EXERCISE AIM >>
Leaving the pictures aside, return the listing exactly as it appears.

SUPPLIED INFORMATION >>
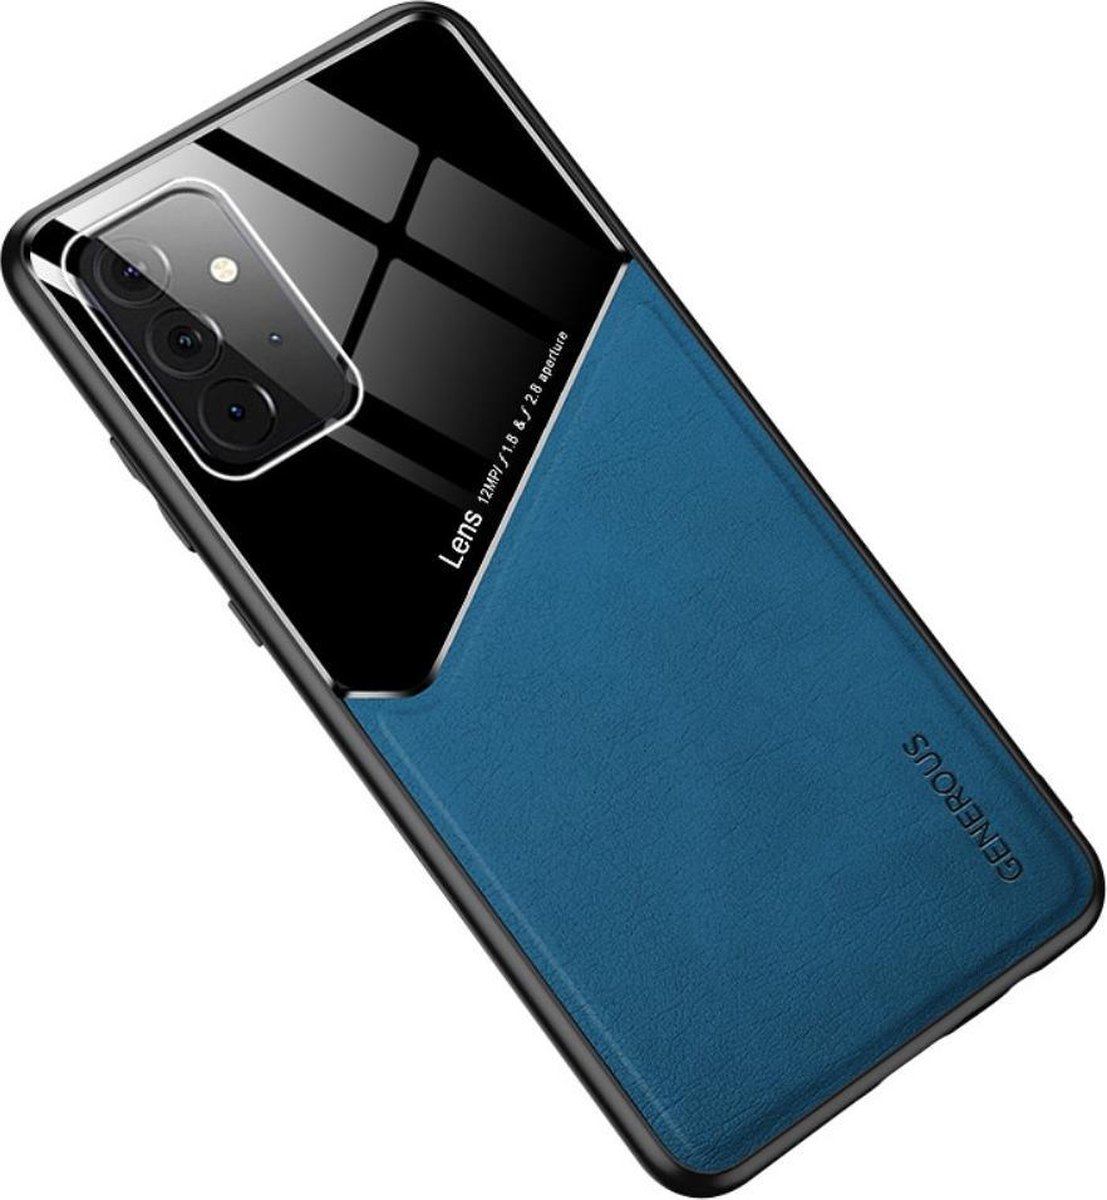 Blauwe hard cover Samsung Galaxy A72 geschikt voor magnetische autohouder
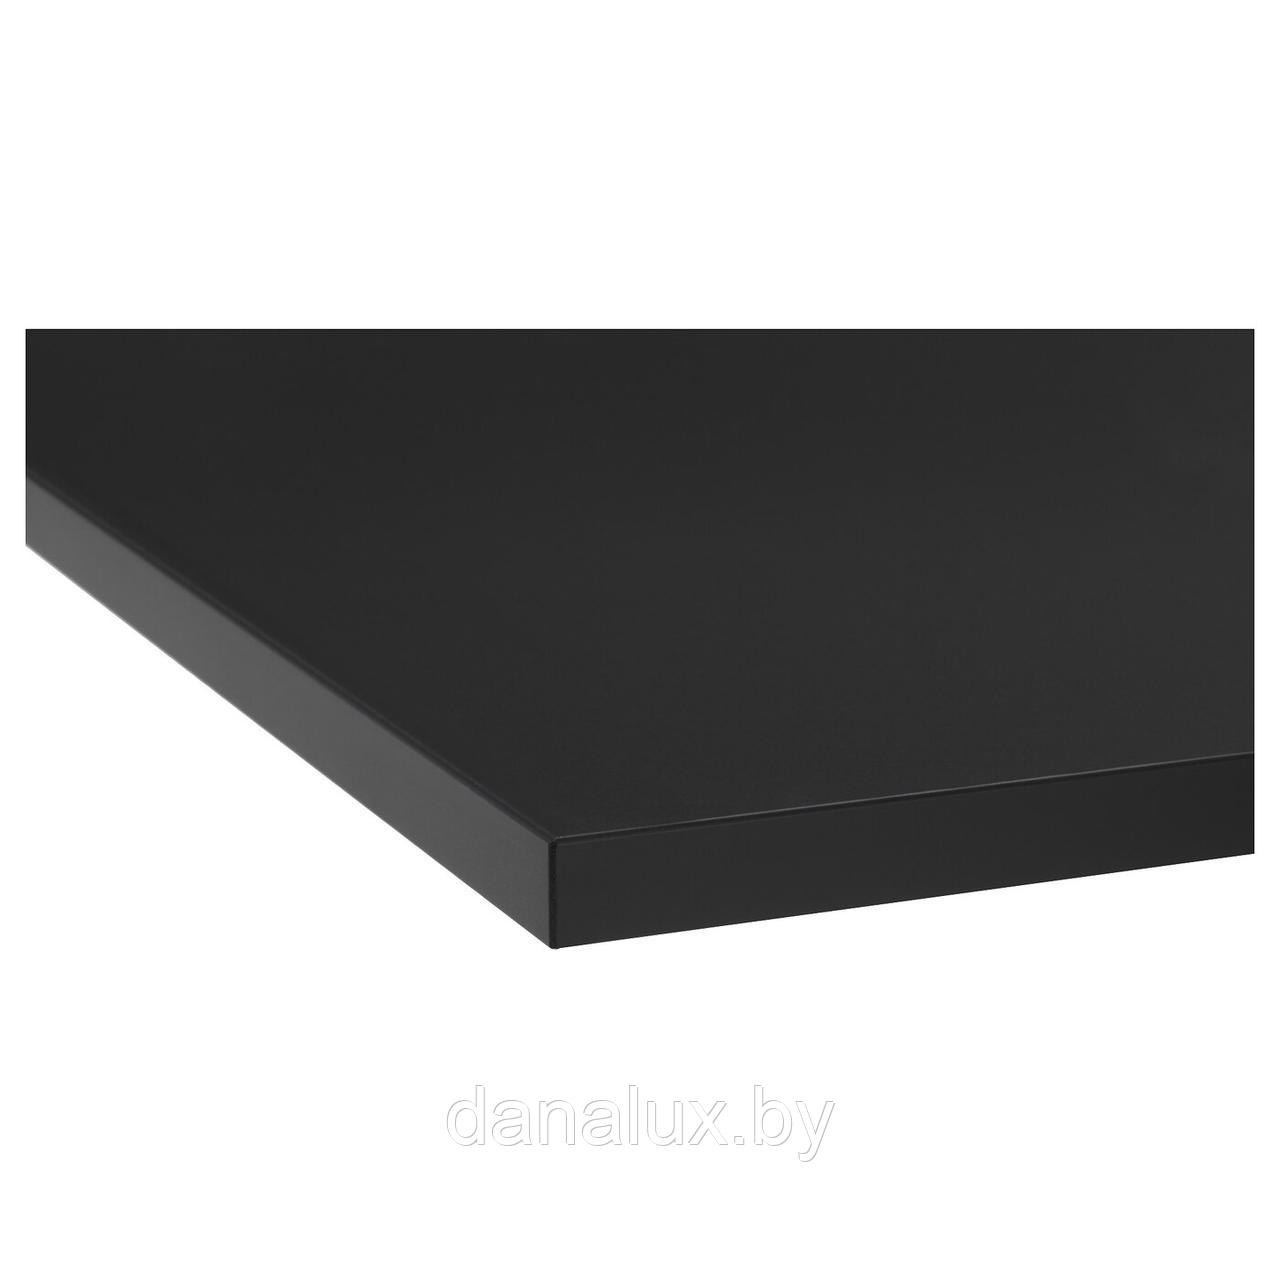 Столешница Дана Топ постформинг цвет черный 120 см + влагостойкий лак
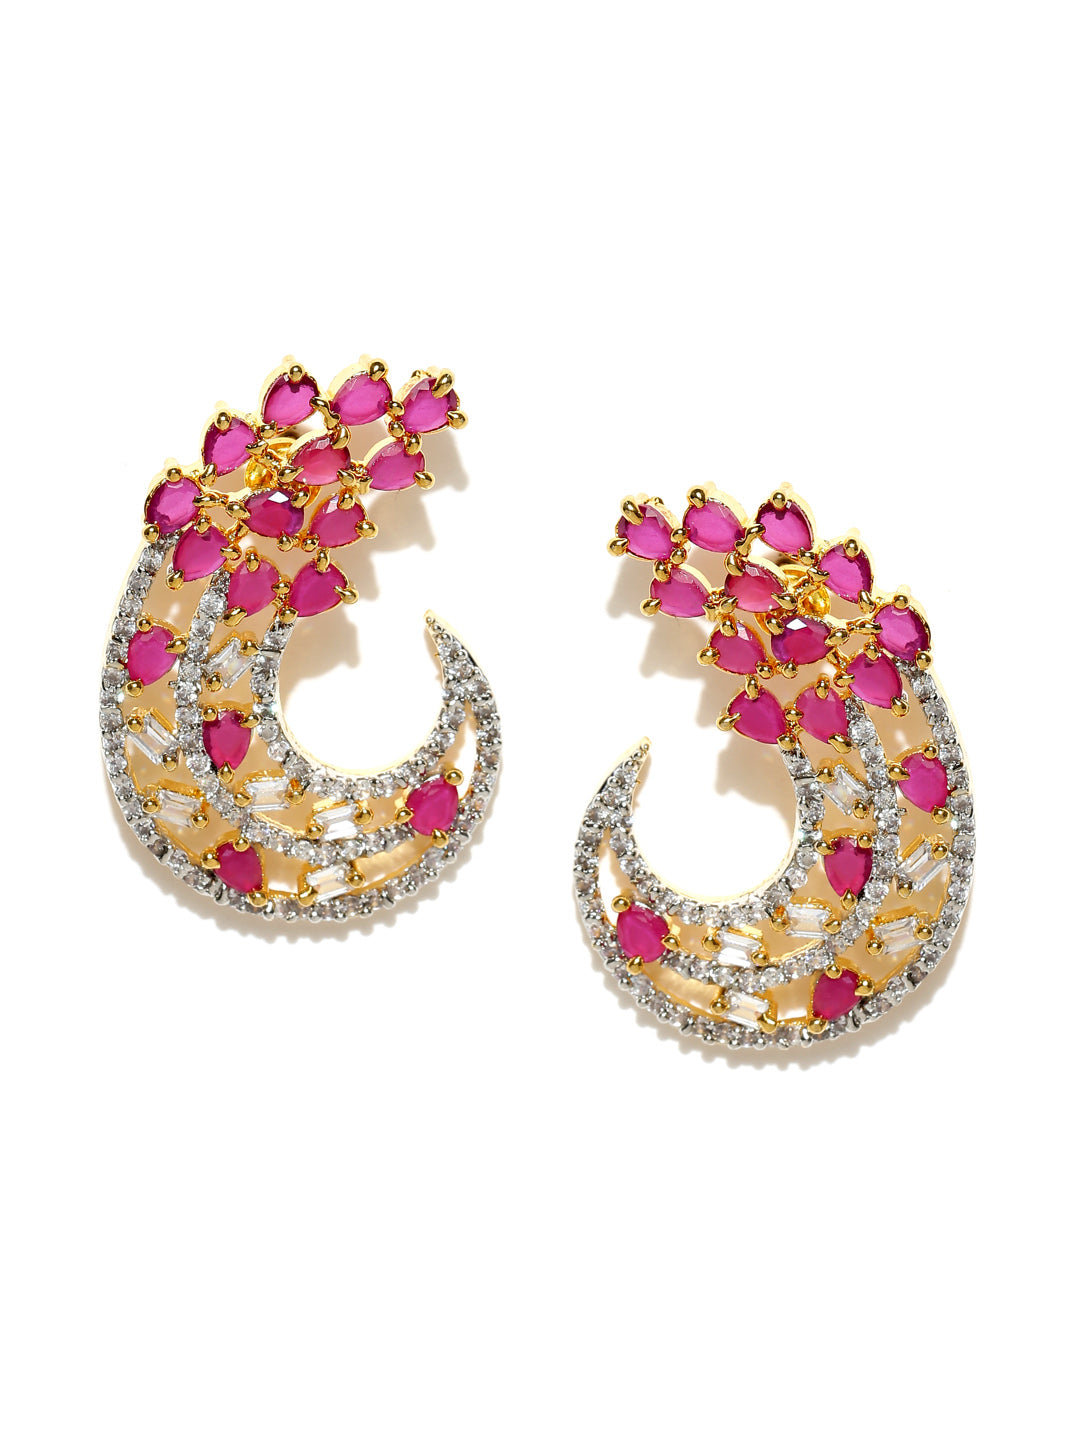 Stunning Partywear American Diamond & Ruby Earrings For Girls or Women

ANSWER FOR THE TASK >>
 Blauwe hard cover Samsung Galaxy A72 geschikt voor magnetische autohouder
 Столешница Дана Топ постформинг цвет черный 120 см + влагостойкий лак
 Stunning Partywear American Diamond & Ruby Earrings For Girls or Women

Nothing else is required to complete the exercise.